━━ DATA SUPPLIED
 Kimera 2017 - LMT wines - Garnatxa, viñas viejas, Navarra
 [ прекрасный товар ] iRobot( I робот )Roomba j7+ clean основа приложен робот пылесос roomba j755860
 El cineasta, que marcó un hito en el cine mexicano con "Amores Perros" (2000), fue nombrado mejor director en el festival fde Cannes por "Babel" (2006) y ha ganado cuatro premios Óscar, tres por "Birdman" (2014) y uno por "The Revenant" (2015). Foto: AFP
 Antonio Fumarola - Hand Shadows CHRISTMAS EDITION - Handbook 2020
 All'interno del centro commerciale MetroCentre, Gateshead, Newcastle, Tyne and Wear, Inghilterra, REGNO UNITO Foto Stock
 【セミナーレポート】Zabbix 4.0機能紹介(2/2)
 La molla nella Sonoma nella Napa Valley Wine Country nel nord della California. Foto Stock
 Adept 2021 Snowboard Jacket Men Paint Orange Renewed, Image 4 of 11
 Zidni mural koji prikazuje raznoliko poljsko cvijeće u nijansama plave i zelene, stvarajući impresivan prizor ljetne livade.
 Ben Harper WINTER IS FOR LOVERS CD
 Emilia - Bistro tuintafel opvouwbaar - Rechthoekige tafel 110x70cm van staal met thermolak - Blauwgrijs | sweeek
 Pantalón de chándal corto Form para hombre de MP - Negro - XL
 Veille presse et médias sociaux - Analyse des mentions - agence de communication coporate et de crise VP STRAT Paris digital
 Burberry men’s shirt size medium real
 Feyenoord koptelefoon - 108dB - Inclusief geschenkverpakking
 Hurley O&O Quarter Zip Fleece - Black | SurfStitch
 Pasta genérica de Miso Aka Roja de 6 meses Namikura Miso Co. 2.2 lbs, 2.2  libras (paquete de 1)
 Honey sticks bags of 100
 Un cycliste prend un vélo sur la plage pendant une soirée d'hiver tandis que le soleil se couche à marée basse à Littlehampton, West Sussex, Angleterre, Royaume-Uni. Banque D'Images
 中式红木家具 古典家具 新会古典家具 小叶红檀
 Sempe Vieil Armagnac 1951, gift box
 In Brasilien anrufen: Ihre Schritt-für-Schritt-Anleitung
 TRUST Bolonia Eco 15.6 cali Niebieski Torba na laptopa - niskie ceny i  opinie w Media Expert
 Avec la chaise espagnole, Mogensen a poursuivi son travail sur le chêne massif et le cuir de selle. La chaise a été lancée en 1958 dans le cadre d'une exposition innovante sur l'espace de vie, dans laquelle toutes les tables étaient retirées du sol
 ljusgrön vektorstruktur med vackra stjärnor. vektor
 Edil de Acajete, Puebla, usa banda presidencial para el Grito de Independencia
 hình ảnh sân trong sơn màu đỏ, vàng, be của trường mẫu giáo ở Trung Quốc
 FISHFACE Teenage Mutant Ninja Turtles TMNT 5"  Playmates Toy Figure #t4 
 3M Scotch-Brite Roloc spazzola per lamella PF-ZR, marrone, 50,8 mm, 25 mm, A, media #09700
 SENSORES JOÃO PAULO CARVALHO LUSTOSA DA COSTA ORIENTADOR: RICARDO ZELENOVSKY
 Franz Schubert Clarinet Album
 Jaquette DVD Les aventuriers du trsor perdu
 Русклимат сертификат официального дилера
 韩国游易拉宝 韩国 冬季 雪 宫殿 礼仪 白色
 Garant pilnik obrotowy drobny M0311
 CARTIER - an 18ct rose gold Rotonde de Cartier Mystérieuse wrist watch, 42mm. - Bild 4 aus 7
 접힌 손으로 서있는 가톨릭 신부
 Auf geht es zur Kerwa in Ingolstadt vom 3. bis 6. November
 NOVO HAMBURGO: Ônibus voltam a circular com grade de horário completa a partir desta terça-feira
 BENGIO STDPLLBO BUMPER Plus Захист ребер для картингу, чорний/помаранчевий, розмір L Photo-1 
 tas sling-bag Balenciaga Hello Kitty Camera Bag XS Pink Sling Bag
━━━━
# [WHAT TO PRODUCE]
Only a number is wanted. How many lines of the entries above carry "para"?

# [FINAL ANSWER]
2